National University of Defense Technology, Changsha 410000, China; State Key Laboratory of Complex & Critical Software Environment, Changsha 410000, China.
National University of Defense Technology, Changsha 410000, China; State Key Laboratory of Complex & Critical Software Environment, Changsha 410000, China.
Neural Netw. 2024 Nov;179:106513. doi: 10.1016/j.neunet.2024.106513. Epub 2024 Jul 6.

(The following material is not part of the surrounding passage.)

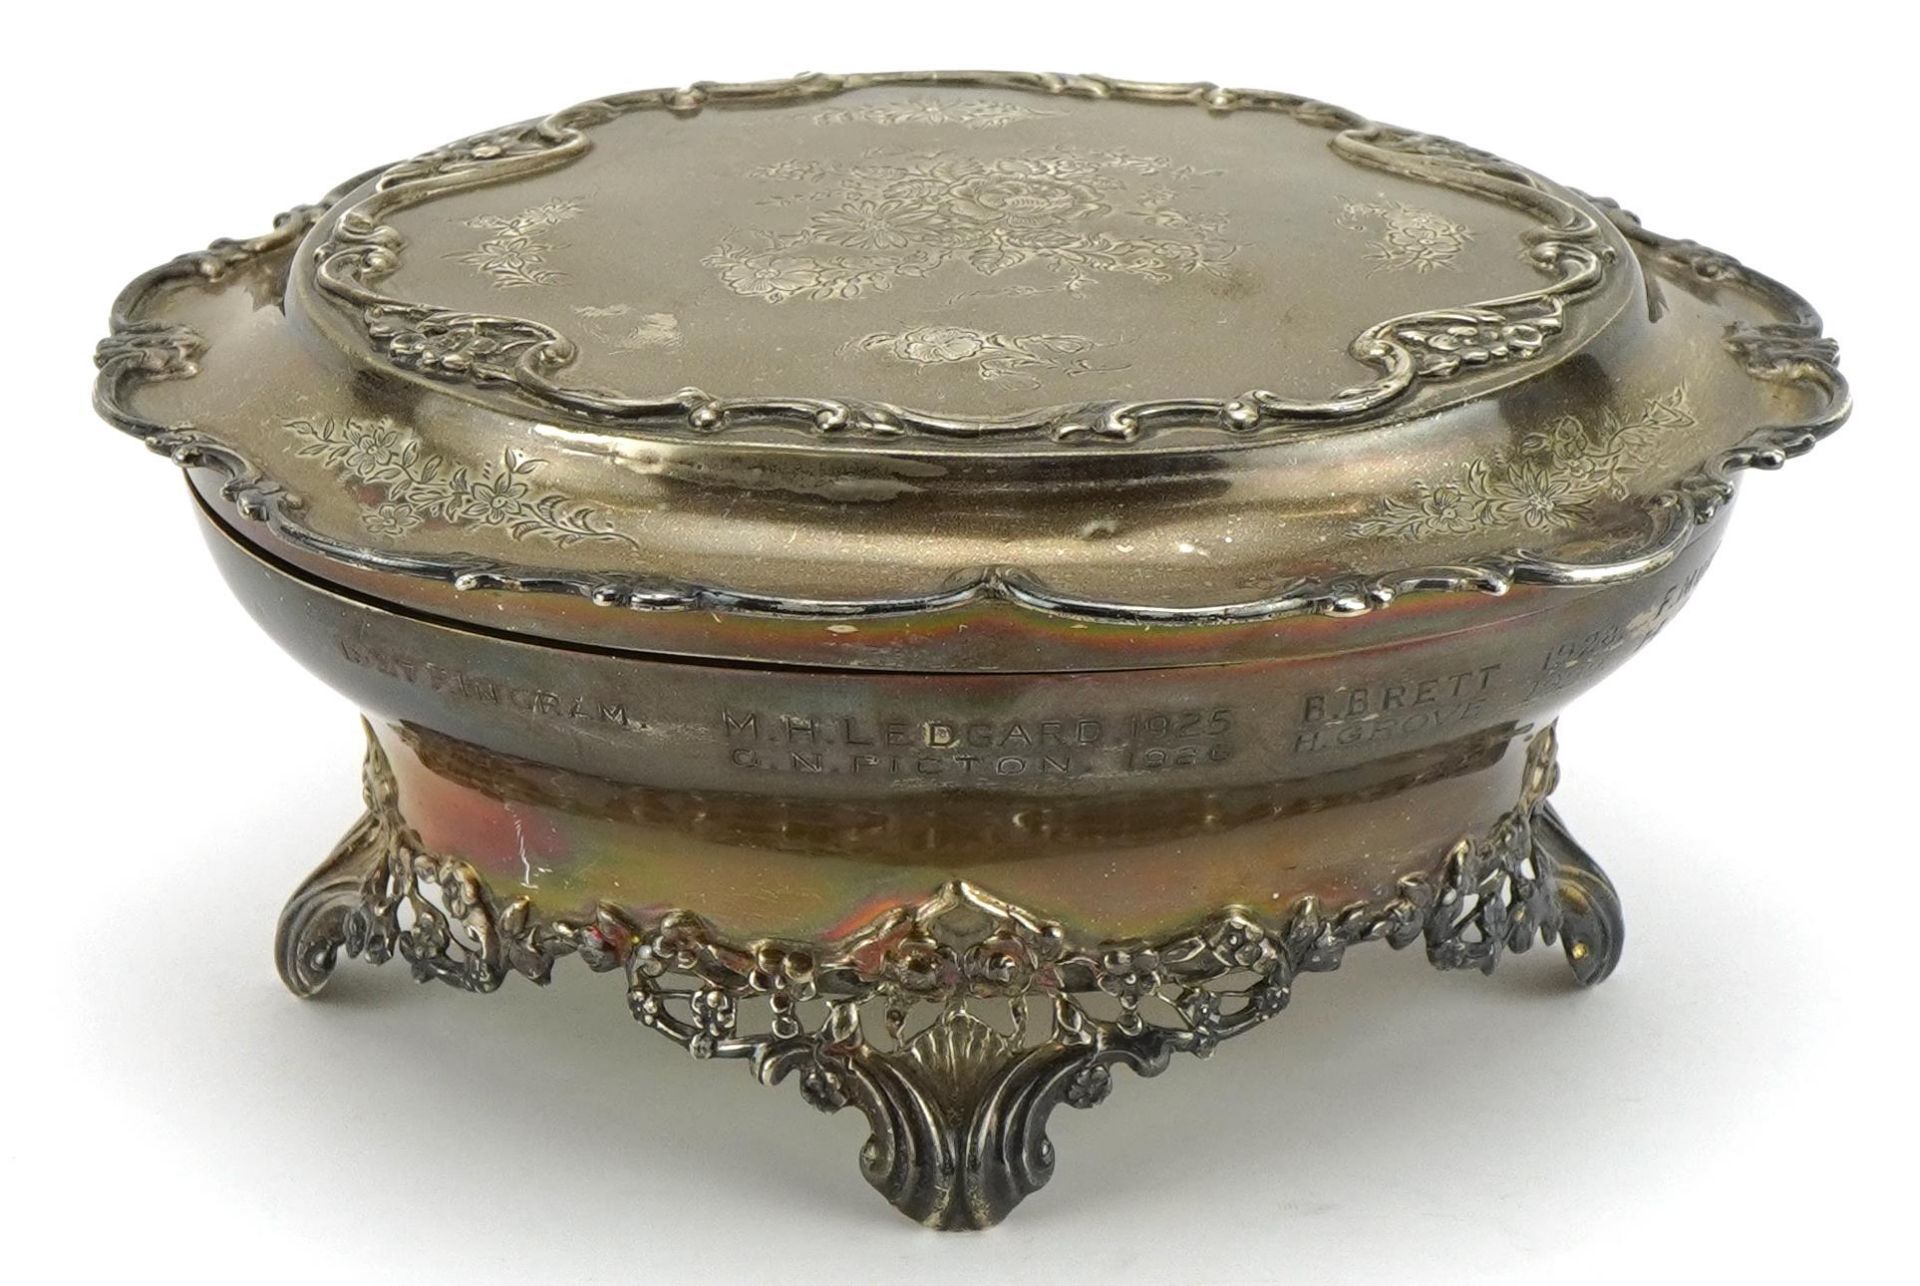 Willian Comyns, Edwardian silver casket with hinged lid and gilt interior, London 1903, 8cm H x 16.

Class-Incremental learning (CIL) is challenging due to catastrophic forgetting (CF), which escalates in exemplar-free scenarios. To mitigate CF, Knowledge Distillation (KD), which leverages old models as teacher models, has been widely employed in CIL. However, based on a case study, our investigation reveals that the teacher model exhibits over-confidence in unseen new samples. In this article, we conduct empirical experiments and provide theoretical analysis to investigate the over-confident phenomenon and the impact of KD in exemplar-free CIL, where access to old samples is unavailable. Building on our analysis, we propose a novel approach, Learning with Humbler Teacher, by systematically selecting an appropriate checkpoint model as a humbler teacher to mitigate CF. Furthermore, we explore utilizing the nuclear norm to obtain an appropriate temporal ensemble to enhance model stability. Notably, LwHT outperforms the state-of-the-art approach by a significant margin of 10.41%, 6.56%, and 4.31% in various settings while demonstrating superior model plasticity.
类增量学习(CIL)由于灾难性遗忘(CF)而具有挑战性,在无范例场景中,CF 会加剧。为了减轻 CF,知识蒸馏(KD)被广泛应用于 CIL 中,它利用旧模型作为教师模型。然而,根据一项案例研究,我们的调查揭示了教师模型对未见的新样本表现出过度自信。在本文中,我们进行了实证实验,并提供了理论分析,以研究无范例 CIL 中过度自信的现象和 KD 的影响,在这种情况下,无法访问旧样本。基于我们的分析,我们提出了一种新的方法,即使用更谦虚的教师进行学习(Learning with Humbler Teacher,LwHT),通过系统地选择适当的检查点模型作为更谦虚的教师来减轻 CF。此外,我们还探索利用核范数获得适当的时间集成,以增强模型稳定性。值得注意的是,LwHT 在各种设置下的表现均优于最先进的方法,其优势分别为 10.41%、6.56%和 4.31%,同时还表现出更高的模型可塑性。